Scan the records for the word "Ideas". Report each line where it occurs.

Items from a dataset:
┏━━

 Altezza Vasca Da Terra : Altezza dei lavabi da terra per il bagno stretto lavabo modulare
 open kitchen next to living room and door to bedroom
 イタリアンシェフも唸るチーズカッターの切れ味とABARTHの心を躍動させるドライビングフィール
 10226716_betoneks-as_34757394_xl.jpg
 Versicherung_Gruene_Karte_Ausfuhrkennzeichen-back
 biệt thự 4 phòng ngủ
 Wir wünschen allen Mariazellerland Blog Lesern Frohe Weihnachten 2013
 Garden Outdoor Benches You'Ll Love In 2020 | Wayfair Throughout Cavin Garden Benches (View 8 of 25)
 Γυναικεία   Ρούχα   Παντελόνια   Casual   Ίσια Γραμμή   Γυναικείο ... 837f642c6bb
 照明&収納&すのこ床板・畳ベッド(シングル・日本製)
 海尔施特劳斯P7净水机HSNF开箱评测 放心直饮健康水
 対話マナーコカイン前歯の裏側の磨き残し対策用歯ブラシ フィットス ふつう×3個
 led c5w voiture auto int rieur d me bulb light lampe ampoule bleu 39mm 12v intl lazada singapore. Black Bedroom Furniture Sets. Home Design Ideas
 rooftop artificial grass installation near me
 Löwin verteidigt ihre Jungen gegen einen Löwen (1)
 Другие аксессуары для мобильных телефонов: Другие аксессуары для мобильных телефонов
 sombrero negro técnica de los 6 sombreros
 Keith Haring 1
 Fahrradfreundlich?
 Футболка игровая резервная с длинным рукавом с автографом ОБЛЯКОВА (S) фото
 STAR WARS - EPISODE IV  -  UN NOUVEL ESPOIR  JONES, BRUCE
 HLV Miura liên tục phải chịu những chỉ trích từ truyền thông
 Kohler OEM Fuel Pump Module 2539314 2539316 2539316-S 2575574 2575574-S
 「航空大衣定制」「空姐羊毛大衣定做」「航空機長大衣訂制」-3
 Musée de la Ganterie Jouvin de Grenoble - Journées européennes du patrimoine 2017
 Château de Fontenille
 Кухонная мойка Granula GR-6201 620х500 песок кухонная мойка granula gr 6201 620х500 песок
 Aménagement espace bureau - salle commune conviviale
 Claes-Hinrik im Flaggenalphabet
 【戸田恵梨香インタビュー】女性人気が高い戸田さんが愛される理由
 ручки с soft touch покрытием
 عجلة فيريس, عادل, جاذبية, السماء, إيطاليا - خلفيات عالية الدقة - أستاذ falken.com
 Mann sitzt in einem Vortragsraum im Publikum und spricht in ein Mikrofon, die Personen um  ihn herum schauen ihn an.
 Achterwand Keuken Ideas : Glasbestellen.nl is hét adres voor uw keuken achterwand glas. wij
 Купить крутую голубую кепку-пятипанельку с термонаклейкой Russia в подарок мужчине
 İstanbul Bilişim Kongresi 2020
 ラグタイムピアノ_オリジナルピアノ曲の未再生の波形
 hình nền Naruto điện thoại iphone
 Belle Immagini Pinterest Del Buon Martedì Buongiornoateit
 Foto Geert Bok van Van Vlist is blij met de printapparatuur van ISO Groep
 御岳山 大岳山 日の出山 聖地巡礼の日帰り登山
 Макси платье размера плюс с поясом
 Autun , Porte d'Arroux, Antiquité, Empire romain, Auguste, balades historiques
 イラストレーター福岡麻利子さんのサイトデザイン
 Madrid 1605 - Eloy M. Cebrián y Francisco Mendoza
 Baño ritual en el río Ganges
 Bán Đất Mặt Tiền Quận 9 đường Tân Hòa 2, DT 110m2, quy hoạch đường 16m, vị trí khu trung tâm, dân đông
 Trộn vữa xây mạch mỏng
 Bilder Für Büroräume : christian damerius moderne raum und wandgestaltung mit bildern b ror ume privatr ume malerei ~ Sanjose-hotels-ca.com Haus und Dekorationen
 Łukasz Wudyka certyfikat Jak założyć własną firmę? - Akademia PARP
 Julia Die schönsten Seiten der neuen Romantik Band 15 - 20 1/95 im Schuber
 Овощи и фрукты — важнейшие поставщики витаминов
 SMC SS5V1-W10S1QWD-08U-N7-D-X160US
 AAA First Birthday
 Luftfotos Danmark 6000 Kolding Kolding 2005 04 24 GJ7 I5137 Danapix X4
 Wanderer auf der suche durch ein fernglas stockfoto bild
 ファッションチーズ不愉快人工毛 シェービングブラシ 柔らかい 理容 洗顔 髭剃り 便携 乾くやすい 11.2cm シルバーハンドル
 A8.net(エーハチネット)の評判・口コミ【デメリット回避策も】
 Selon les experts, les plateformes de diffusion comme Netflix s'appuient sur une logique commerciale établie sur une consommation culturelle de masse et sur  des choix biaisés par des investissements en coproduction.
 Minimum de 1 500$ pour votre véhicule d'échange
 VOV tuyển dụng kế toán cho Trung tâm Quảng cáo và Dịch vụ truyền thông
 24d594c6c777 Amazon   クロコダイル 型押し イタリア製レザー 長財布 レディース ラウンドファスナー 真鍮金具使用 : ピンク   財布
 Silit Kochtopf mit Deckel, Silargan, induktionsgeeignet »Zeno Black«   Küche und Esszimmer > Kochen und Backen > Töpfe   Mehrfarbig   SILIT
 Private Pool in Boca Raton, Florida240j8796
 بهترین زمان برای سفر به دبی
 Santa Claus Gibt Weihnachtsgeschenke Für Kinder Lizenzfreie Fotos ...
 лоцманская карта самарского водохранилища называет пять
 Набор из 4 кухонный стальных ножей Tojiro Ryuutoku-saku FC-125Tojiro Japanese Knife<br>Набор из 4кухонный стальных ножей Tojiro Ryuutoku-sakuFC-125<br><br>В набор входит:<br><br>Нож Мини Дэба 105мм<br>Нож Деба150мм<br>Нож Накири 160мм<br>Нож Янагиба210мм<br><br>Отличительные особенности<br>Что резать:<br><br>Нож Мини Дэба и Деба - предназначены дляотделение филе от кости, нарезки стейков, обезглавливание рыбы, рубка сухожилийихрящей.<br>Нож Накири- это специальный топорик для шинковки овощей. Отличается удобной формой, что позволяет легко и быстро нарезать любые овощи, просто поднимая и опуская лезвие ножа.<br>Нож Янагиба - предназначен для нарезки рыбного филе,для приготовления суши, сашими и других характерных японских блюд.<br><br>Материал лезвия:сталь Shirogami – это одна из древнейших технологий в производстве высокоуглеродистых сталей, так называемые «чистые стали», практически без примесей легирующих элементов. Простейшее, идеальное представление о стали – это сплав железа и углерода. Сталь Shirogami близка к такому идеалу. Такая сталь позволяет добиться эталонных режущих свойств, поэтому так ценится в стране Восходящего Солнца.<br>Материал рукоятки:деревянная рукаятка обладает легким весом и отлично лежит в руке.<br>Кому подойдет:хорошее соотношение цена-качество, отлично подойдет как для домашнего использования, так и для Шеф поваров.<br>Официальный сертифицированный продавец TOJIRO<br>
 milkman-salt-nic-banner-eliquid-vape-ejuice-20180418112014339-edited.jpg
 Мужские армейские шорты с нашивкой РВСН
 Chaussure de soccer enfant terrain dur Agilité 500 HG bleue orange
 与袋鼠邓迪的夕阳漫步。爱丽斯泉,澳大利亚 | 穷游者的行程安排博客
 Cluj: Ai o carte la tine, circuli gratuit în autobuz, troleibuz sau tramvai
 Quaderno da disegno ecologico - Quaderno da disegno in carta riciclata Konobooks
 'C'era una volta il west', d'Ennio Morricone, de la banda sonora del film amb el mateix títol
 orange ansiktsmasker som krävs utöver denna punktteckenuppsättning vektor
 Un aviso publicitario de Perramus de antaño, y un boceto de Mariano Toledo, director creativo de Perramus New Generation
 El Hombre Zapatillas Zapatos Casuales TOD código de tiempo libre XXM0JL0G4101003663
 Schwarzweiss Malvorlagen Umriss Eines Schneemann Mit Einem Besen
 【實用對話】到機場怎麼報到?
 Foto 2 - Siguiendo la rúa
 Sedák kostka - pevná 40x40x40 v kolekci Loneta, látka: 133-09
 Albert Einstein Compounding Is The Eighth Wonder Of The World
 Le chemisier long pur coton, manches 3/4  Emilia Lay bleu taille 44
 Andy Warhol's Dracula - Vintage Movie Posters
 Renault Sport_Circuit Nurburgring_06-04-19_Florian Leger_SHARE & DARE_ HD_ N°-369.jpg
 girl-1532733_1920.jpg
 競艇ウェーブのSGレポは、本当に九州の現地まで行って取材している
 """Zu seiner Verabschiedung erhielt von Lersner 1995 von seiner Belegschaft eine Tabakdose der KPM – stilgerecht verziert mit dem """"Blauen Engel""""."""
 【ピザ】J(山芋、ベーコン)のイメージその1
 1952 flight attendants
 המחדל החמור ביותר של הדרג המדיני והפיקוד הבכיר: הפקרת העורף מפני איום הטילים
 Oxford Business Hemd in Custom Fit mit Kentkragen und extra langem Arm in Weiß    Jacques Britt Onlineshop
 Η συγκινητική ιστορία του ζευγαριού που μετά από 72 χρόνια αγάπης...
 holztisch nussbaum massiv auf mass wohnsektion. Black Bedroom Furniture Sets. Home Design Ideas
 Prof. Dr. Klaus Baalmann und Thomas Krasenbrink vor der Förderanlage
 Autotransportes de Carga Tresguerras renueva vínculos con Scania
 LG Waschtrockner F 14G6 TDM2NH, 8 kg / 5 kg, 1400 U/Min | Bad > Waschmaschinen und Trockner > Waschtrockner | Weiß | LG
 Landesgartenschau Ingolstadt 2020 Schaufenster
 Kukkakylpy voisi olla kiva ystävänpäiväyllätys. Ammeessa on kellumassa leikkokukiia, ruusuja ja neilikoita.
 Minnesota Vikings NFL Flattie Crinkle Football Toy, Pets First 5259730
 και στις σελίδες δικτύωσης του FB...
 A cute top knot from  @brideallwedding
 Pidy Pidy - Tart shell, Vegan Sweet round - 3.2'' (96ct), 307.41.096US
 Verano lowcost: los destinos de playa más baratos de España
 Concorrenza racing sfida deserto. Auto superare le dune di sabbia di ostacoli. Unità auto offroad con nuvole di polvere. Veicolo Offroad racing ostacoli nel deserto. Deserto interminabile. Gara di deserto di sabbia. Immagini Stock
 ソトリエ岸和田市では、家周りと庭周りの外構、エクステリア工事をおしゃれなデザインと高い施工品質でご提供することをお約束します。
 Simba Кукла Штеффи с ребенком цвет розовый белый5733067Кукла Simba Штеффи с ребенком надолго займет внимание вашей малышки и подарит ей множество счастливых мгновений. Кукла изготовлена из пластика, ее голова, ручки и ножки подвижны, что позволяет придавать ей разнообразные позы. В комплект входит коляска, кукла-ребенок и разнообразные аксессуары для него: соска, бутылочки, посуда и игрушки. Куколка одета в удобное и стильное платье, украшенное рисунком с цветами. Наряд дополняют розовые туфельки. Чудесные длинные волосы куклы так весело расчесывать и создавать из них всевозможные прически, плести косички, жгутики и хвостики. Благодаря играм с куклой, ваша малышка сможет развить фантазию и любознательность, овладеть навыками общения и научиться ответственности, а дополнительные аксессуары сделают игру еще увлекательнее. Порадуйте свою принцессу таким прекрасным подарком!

┗━━

# OUTPUT OF THE EXERCISE
 led c5w voiture auto int rieur d me bulb light lampe ampoule bleu 39mm 12v intl lazada singapore. Black Bedroom Furniture Sets. Home Design Ideas
 Achterwand Keuken Ideas : Glasbestellen.nl is hét adres voor uw keuken achterwand glas. wij
 holztisch nussbaum massiv auf mass wohnsektion. Black Bedroom Furniture Sets. Home Design Ideas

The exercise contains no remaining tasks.